Table 1.

Symptoms and Diagnostic Criteria for Major Depressive Episode

Symptoms
  1. Depressed mood most of the day.

  2. Markedly diminished interest or pleasure in all, or almost all, activities, most of the day.

  3. Marked decrease or increase in appetite, resulting in significant unintentional weight loss or weight gain (ie, >5% body weight in 1 month).

  4. Insomnia or hypersomnia .

  5. Psychomotor agitation or retardation .

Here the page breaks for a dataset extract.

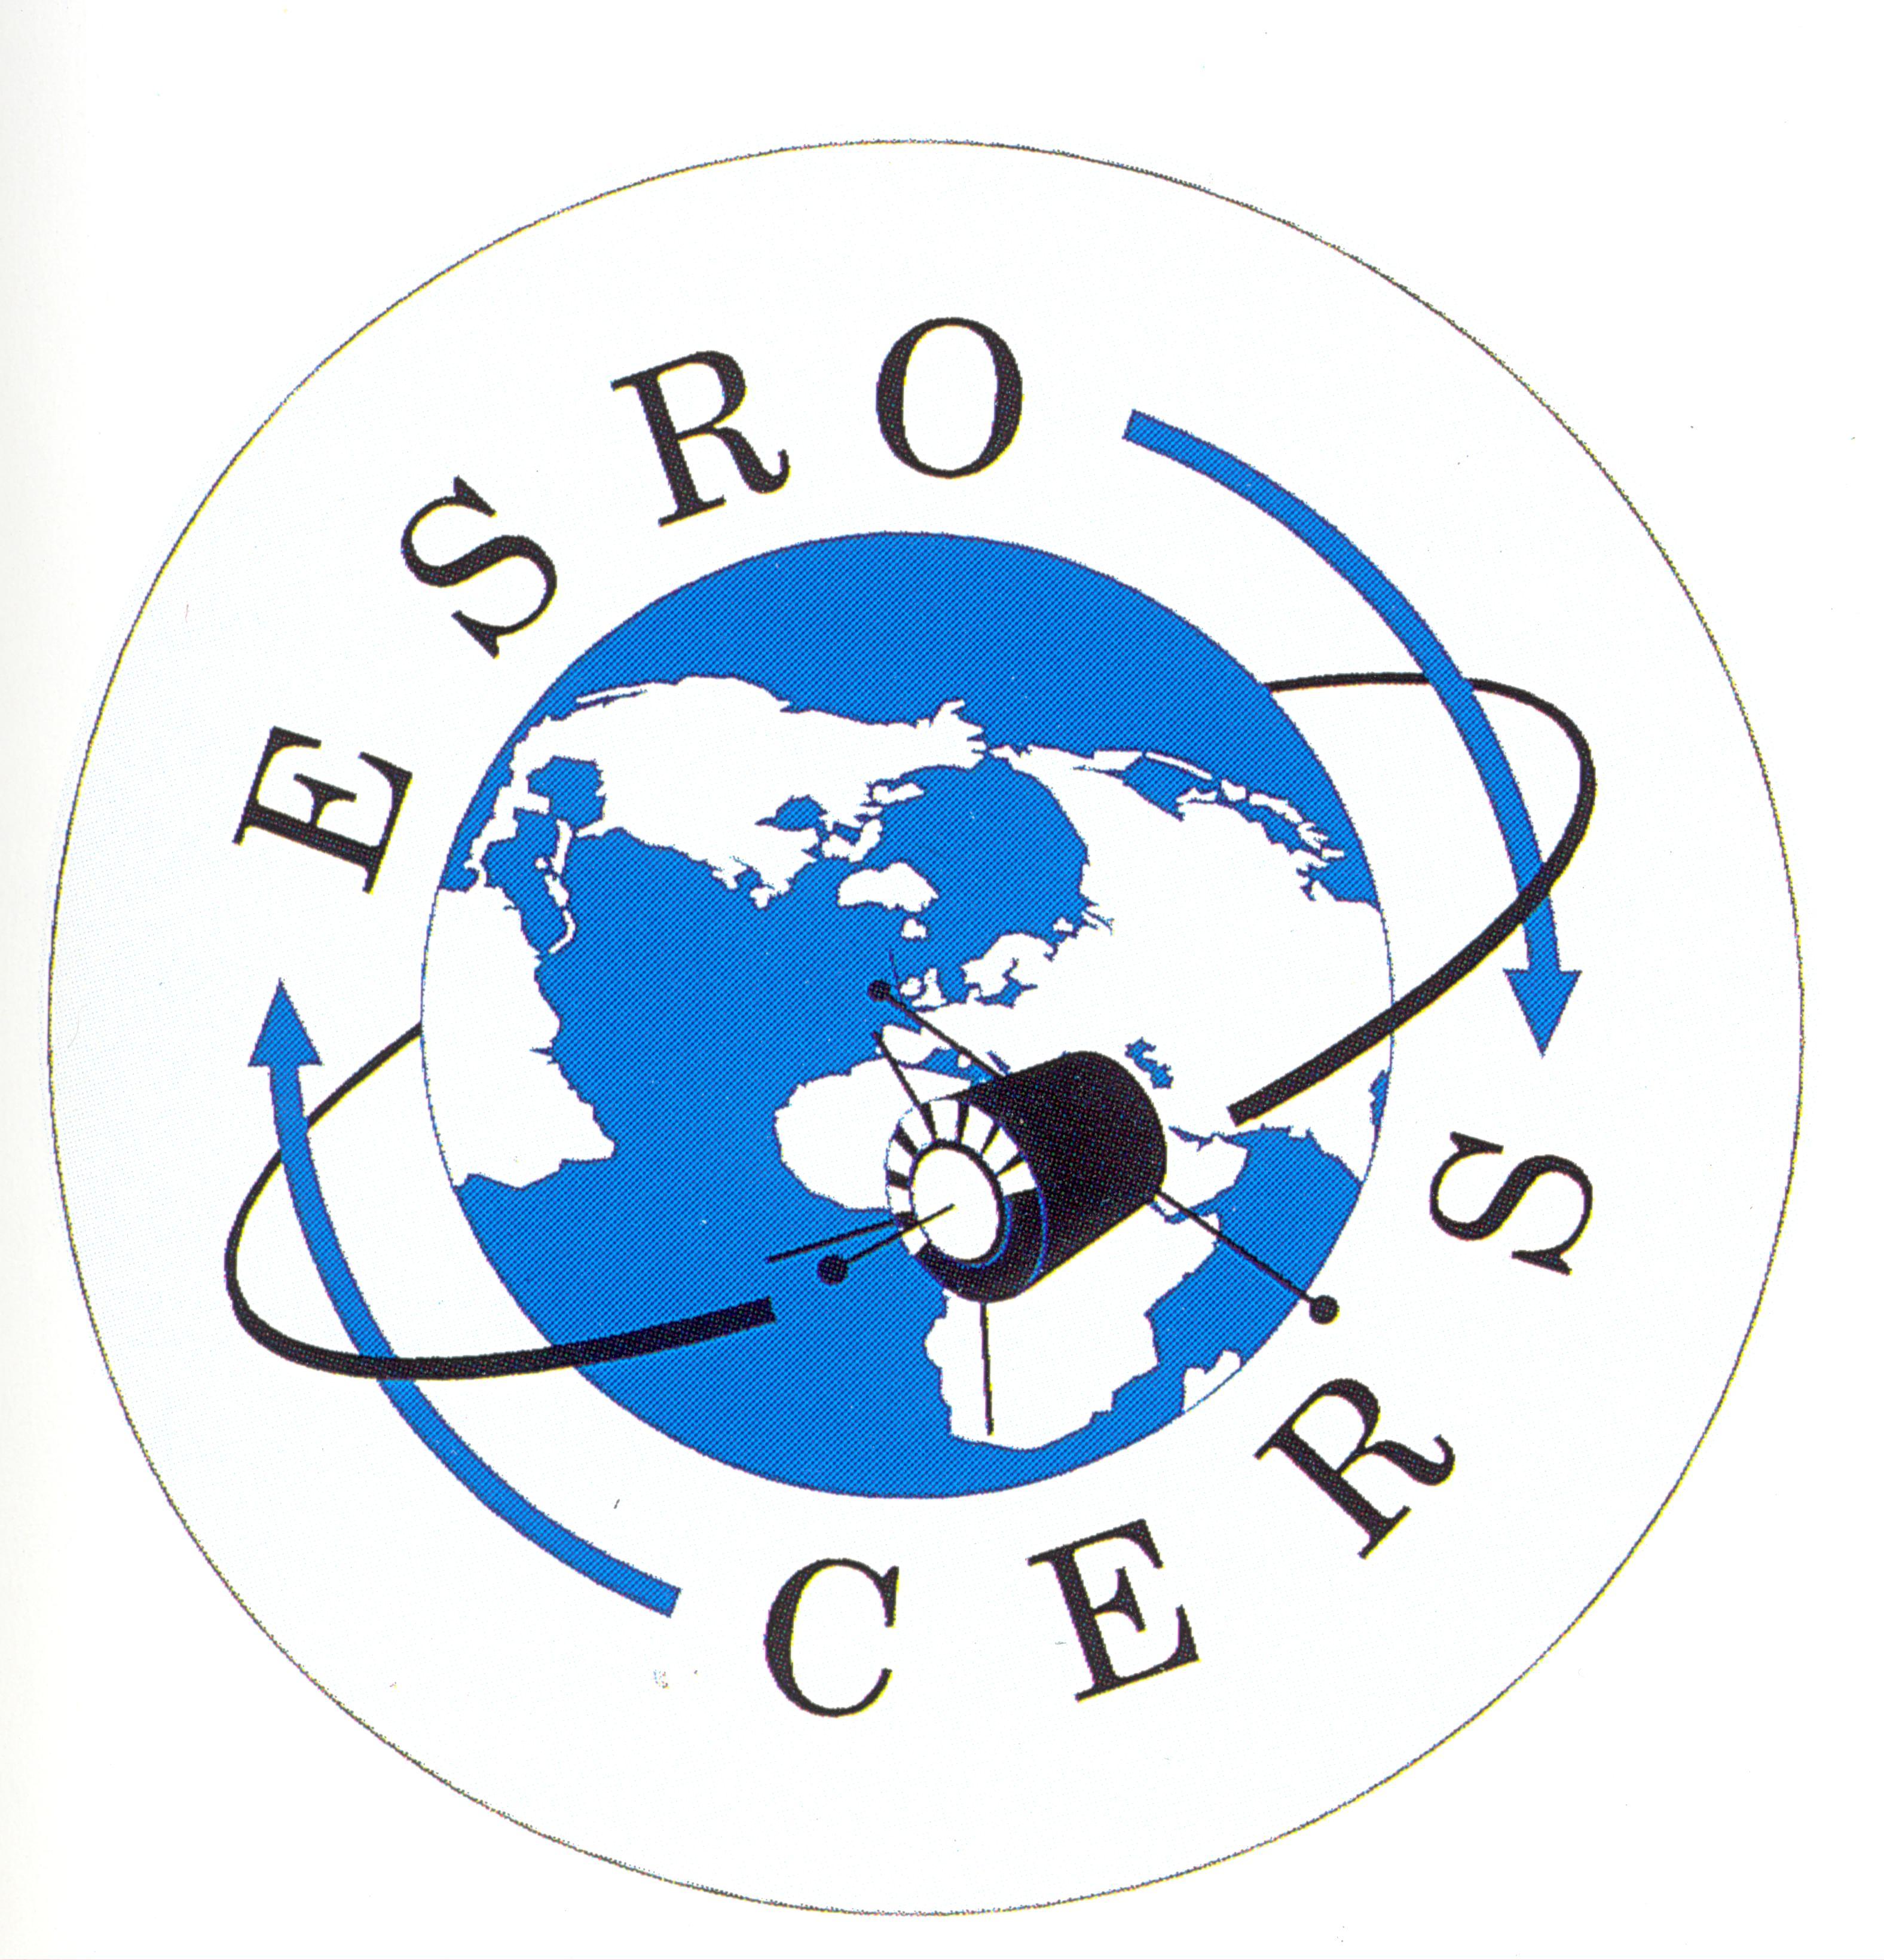 Space in Images - 2014 - 01 - ESRO logo3152 x 3280

  6. Fatigue or loss of energy.

  7. Feelings of worthlessness or inappropriate guilt.

  8. Decreased ability to think or concentrate.

  9. Recurrent thoughts of death, or recurrent suicidal thoughts (with or without a plan).

Diagnostic Criteria
  • Five or more of the symptoms listed above, representing a change in baseline, present nearly every day for the same 2-week period, and producing clinically significant distress or change in functioning

  • Must include symptom 1 or 2.

  • Symptoms do not meet criteria for a mixed episode, and they are not due to drugs, another medical condition, or bereavement (unless prolonged; i.e., >2 months)

  • Adapted from Diagnostic and Statistical Manual of Mental Disorders, 4th ed. Washington, DC: American Psychiatric Association, 1994.